The vaccine, detailed in the journal Science, was developed using a novel experimental platform at the University of Wisconsin-Madison that allowed the researchers to safely study the virus in laboratory conditions.

“In terms of efficacy, this affords excellent protection,” says Prof. Yoshihiro Kawaoka, a professor of pathobiological sciences at the University of Wisconsin-Madison School of Veterinary Medicine. “It is also a very safe vaccine.”

Whole virus vaccines have been used in the past to prevent other serious diseases, including hepatitis, human papillomavirus-mediated cervical cancer, influenza and polio. Using inactivated whole viruses provides the immune system with the complete range of viral proteins and genes, improving the likelihood of the virus triggering a strong immune response.

Earlier attempts to develop an inactivated whole Ebola virus vaccine, using irradiation and the preservative formalin, were ultimately unsuccessful and failed to protect monkeys from the virus. As a result, these attempts were abandoned.

Developing a new experimental platform from which to work with the virus has helped these researchers to be successful this time round. Devised in 2008, the new system enabled the team to work safely with Ebola virus by deleting a key gene called VP30 which allows the virus to make a protein required for it to reproduce.

Ebola virus only consists of eight genes and relies heavily on the molecular mechanics of host cells to proliferate around the body.

Using monkey kidney cells engineered by the researchers to express VP30, the team could safely use the virus as a starting point for the development of treatment for it. The whole virus vaccine devised by Kawaoka and his team was also chemically inactivated with hydrogen peroxide.

Although the vaccine has not been tested in humans, successful tests have been conducted with cynomolgus macaques – considered to be the “gold standard” in testing vaccines in a model comparable to virus transmission among humans. “It’s the best model,” Kawaoka states. “If you get protection with this model, it’s working.”

The tests were conducted at the National Institutes of Health (NIH) Rocky Mountain Laboratories, a facility in Hamilton, MT, in collaboration with another group led by Heinz Feldmann of NIH. The laboratories are biosafety level 4 – the highest level of biological safety, designed for the study of dangerous and exotic microbes.

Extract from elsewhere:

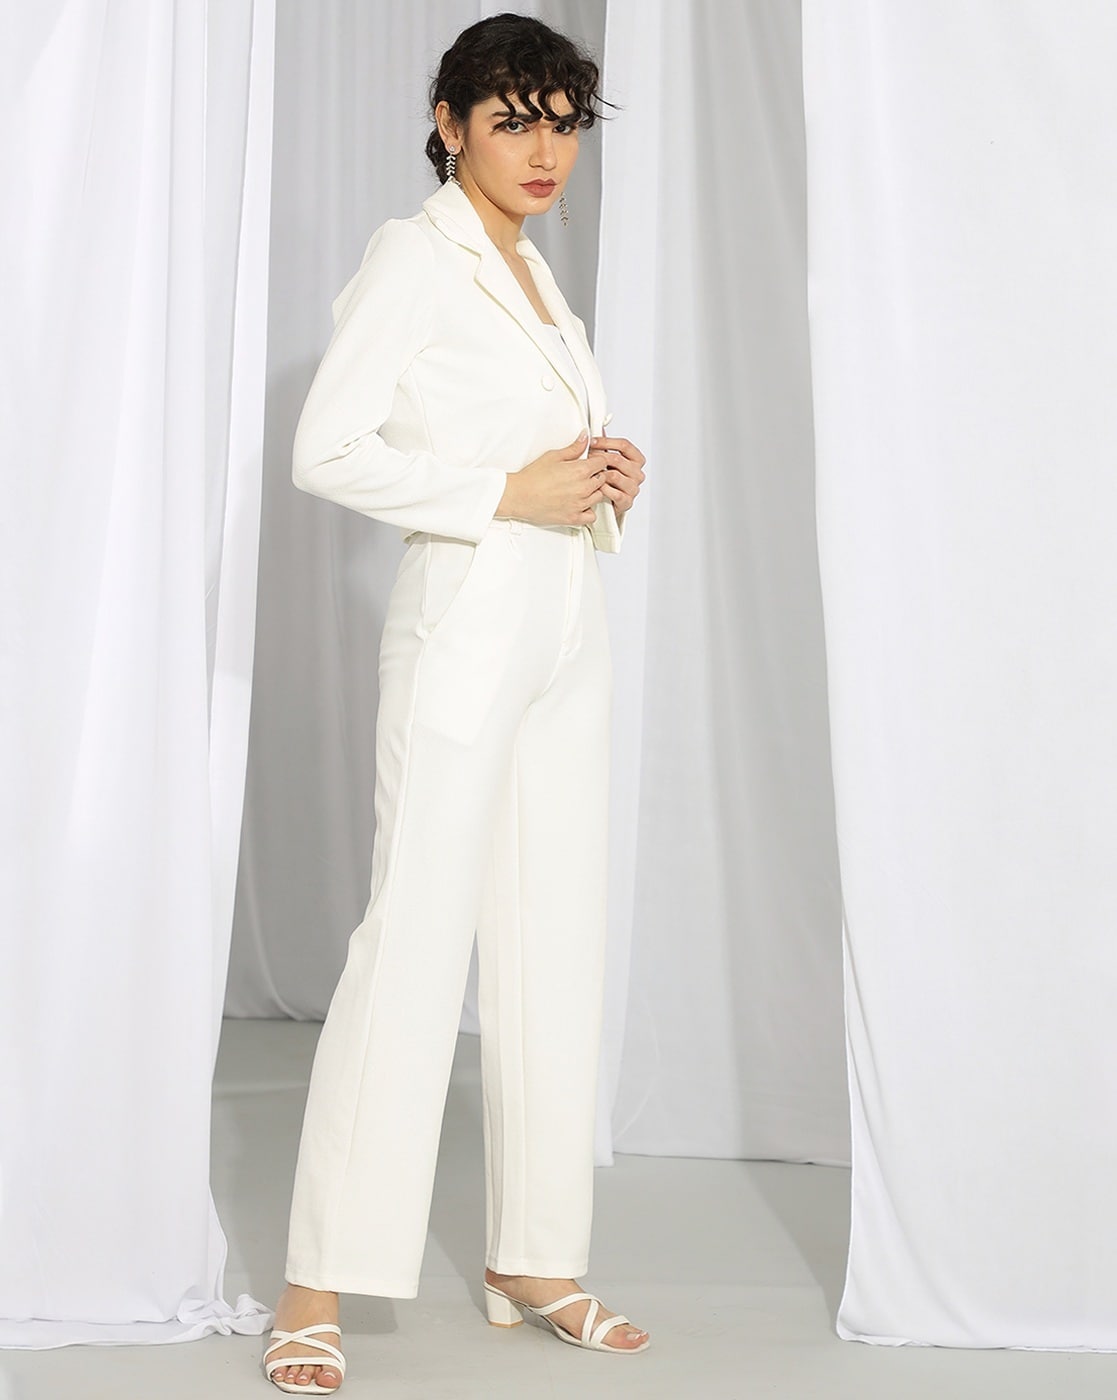 Professional Women Suits Office Business Ol White Formal Ladies Pant Suits  Two Piece Black Uniform Blazer Sets Ladies Suits - AliExpress

A number of other vaccines for Ebola virus are currently being trialled. These include:

  • A DNA-based plasmid vaccine
  • A live attenuated virus from the family of viruses that causes rabies
  • A vaccine based on a replication incompetent chimpanzee respiratory virus
  • A vaccine based on a vaccinia virus.

Each of these vaccines works to express or prime host cells with crucial Ebola proteins. However, Kawaoka believes that each of these different vaccines has shortcomings regarding their safety and method of delivery. The new whole virus vaccine will hopefully be unaffected by these limitations.

While the researchers have overcome the problems experienced by previous attempts at developing a whole virus vaccine, it will still be some time before the vaccine is ready to be rolled out. Human trials need to be conducted, and these are both complex and highly expensive.

Vaccinating humans is not the only goal for Ebola virus researchers. Recently, Medical News Today reported on a group of scientists who have developed a new vaccine that could potentially be used to reduce infection from the virus among wild African ape populations.